IBM Cloud Virtual Private Cloud
The VPC project story is long, complex, and a good learning opportunity for me. Out of necessity, I am going to avoid telling it chronologically and highlight events, opportunities, and challenges from the journey.
Timeline: August 2017 - June 2019
The Virtual Private Cloud (VPC) project is the next evolution for the infrastructure offerings of IBM Cloud. Prior to the release of VPC, IBM Cloud Infrastructure was offering the same services as their acquisition, Softlayer, had been providing for years. The Softlayer suite of offerings were very similar management experiences to having a physical datacenter. Relative to competition, it just wasn’t as flexible, simple, or private.
VPC offerings were upgrades on the hardware and software of the Softlayer infrastructure. These upgrades made it easier for our clients to grow and evolve their applications while maintaining a more isolated environment.
The short, but still too long, backstory
The VPC project, codenamed Genesis, was one of the longest projects I have been on. While this project was one of innovation, exploration, and evolution of our offerings it was also filled with the complexities of communication, priorities, hopes, and fears.
Genesis was born from the need to evolve the flexibility and simplicity of our powerful physical technology to keep up with the expectations of the cloud market. This evolution was led by our Innovation Lab, equipped with an advanced new piece of network hardware to leap-frog our competition. In the early stages, the design of the GUI was being solely driven by my future design lead Megan Baxter.

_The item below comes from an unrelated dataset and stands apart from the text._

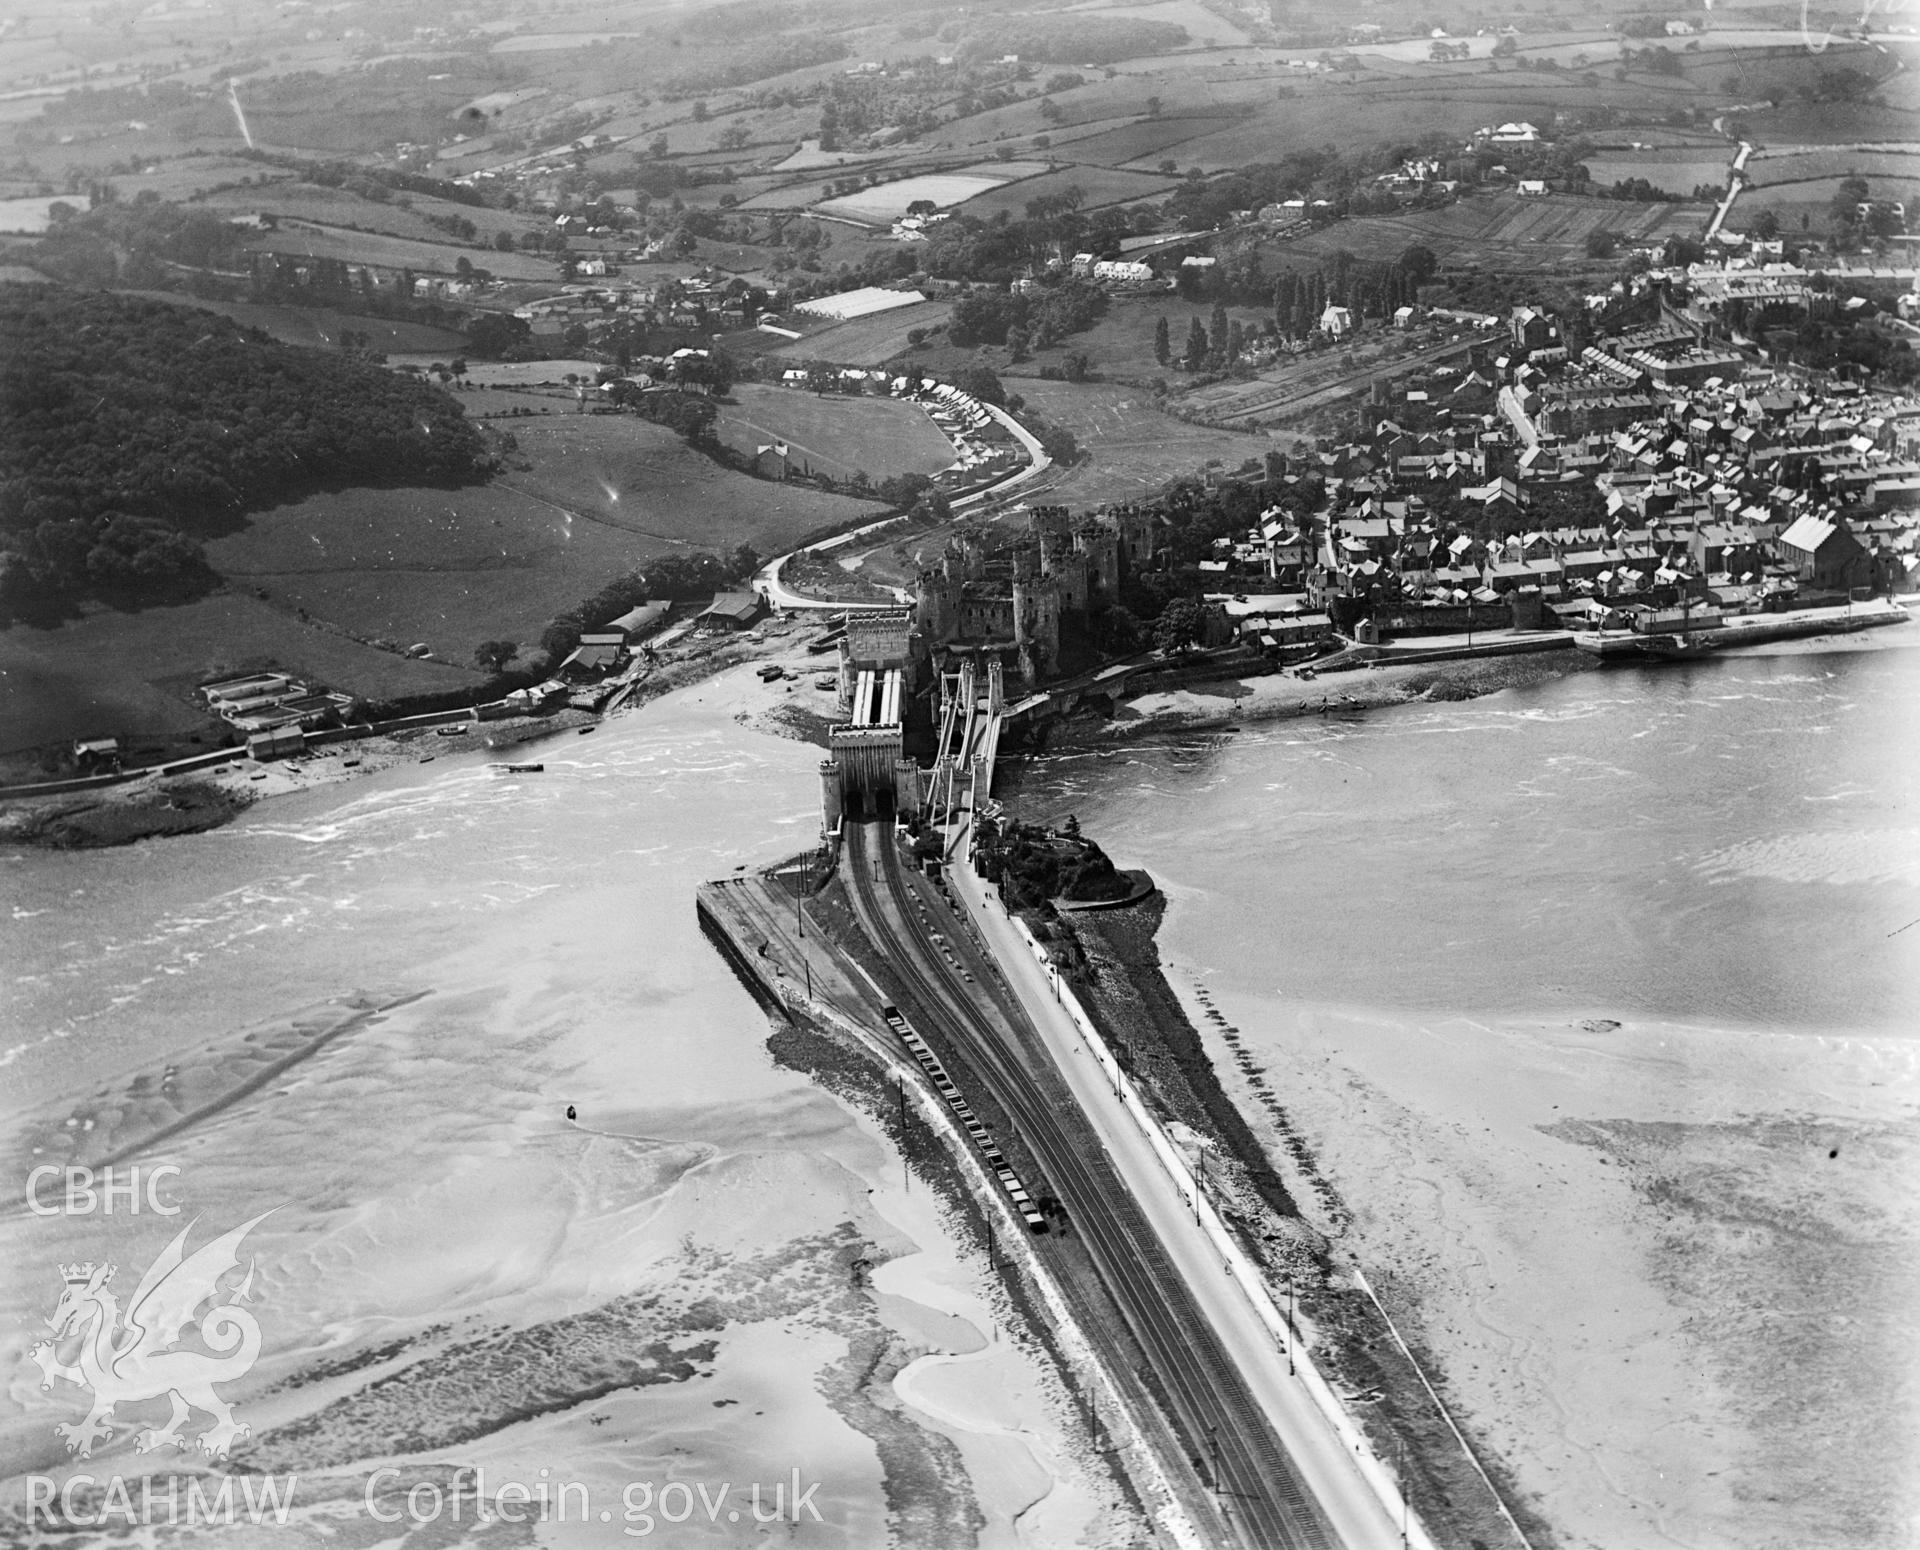 View of Conwy showing railway and causeway, oblique aerial view. 5?x4? black and white glass plate negative.

While Megan had been working on VPC for around 6 months, I was working on our Networking Design Team. My primary focus was our new offerings CDN and Cloud Internet Services (See project). Our network team began getting notice of a new project codenamed “Wrigley” (after Wrigley Field, see IBM can be fun!).
While Megan had been working on Genesis for around 6 months, I was working on our Networking Design Team. My primary focus was our new Cloud Internet Services (See project) offering. At this time, our network team began getting notice of a new project codenamed “Wrigley”.

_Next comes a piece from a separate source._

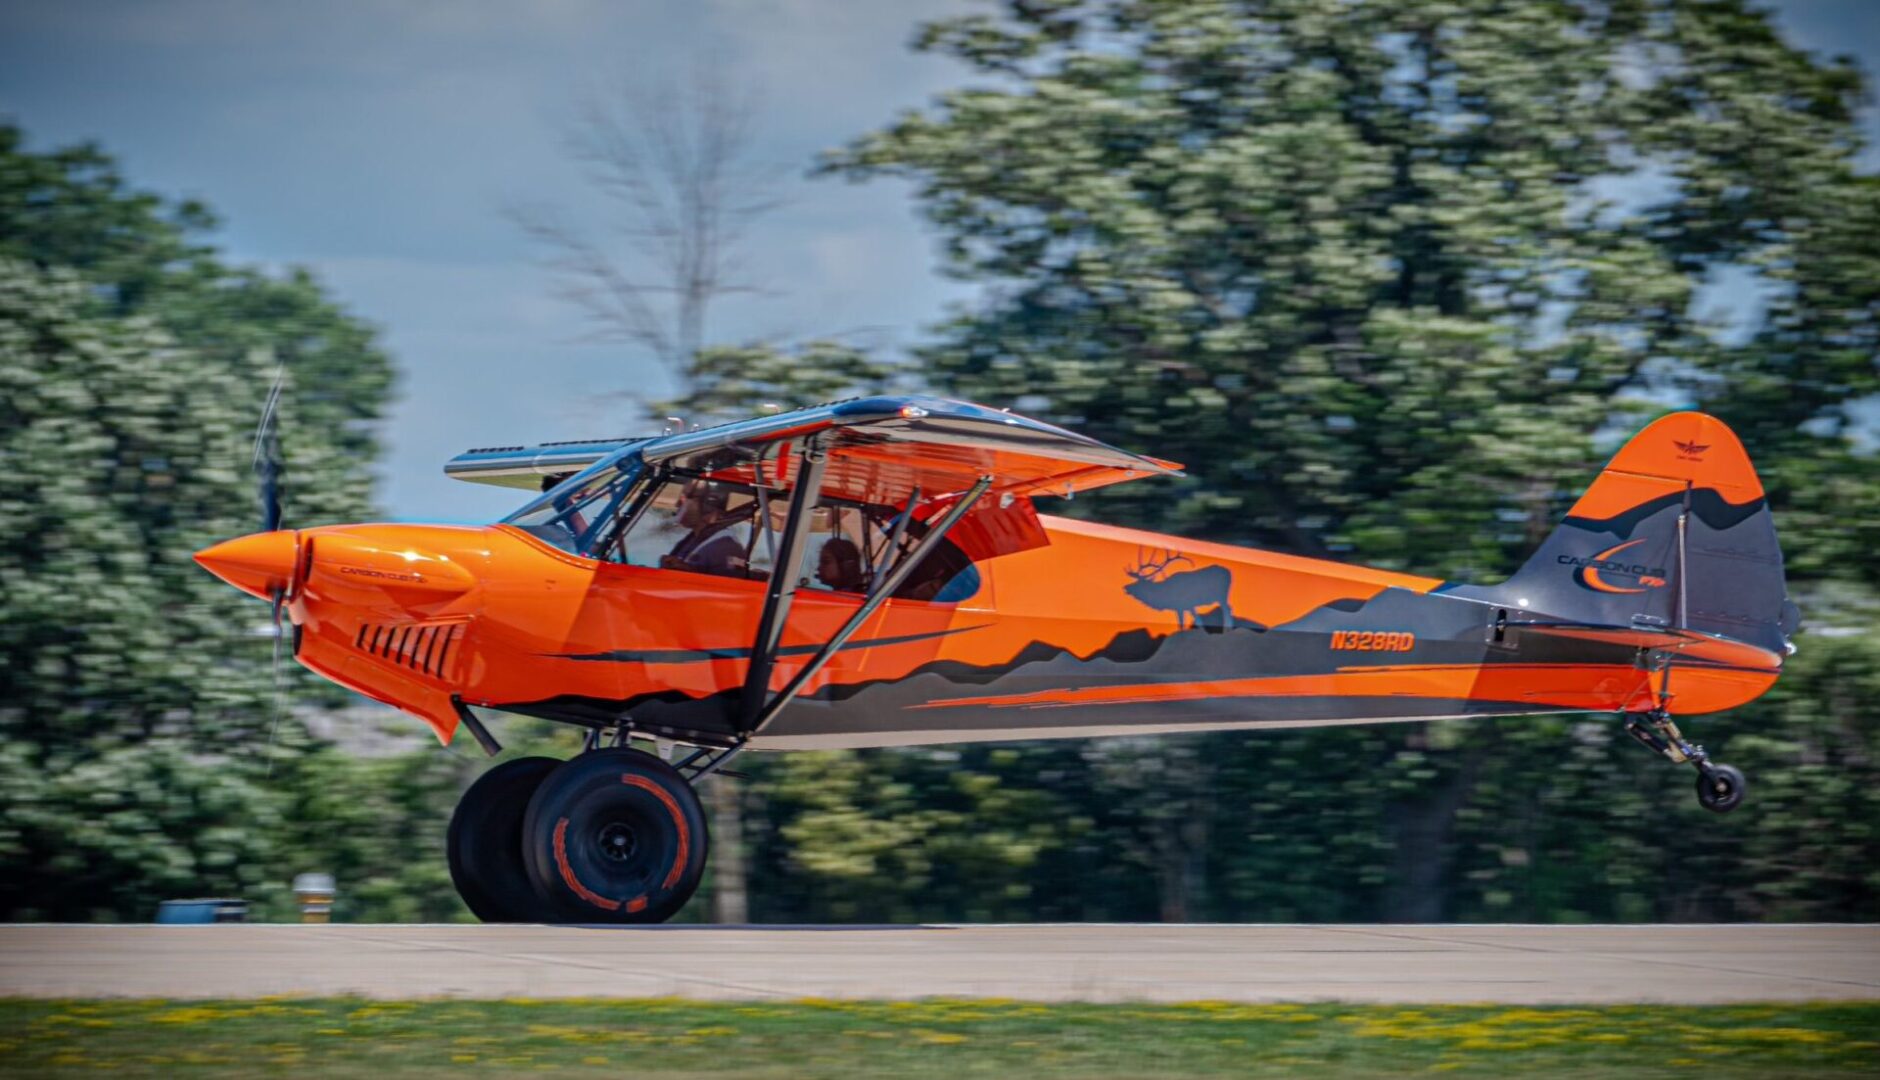 A small orange airplane is flying on the road.

Wrigley was a new networking tech that was created for evolving the flexibility and simplicity of our powerful, physical technology...wait this sounds familiar.
As we were being on-boarded to this project, our design team immediately began noticing that Wrigley was targeting the exact use cases that Genesis was, albeit with a shorter time frame and with the goal of catching up to competition Vs. leap-frogging. Along with our design work, we began prioritizing communication between our teams to reduce double work and determine our go-to-market strategies.
Work on both projects continued in parallel while additional discussions were had. As designers working in close proximity, Megan and I made sure to operate with the same design paradigms in preparation for the eventual merging of the products. Or at least that is what we hoped in order to have a user experience that we would consider minimally viable.
My service coverage
Virtual Private Cloud - Work on both projects continued in parallel while additional discussions were had. As designers working in close proximity, Megan and I made sure to operate with the same design paradigms in preparation for the eventual merging of the products. Or at least that is what we hoped in order to have a user experience that we would consider minimally viable.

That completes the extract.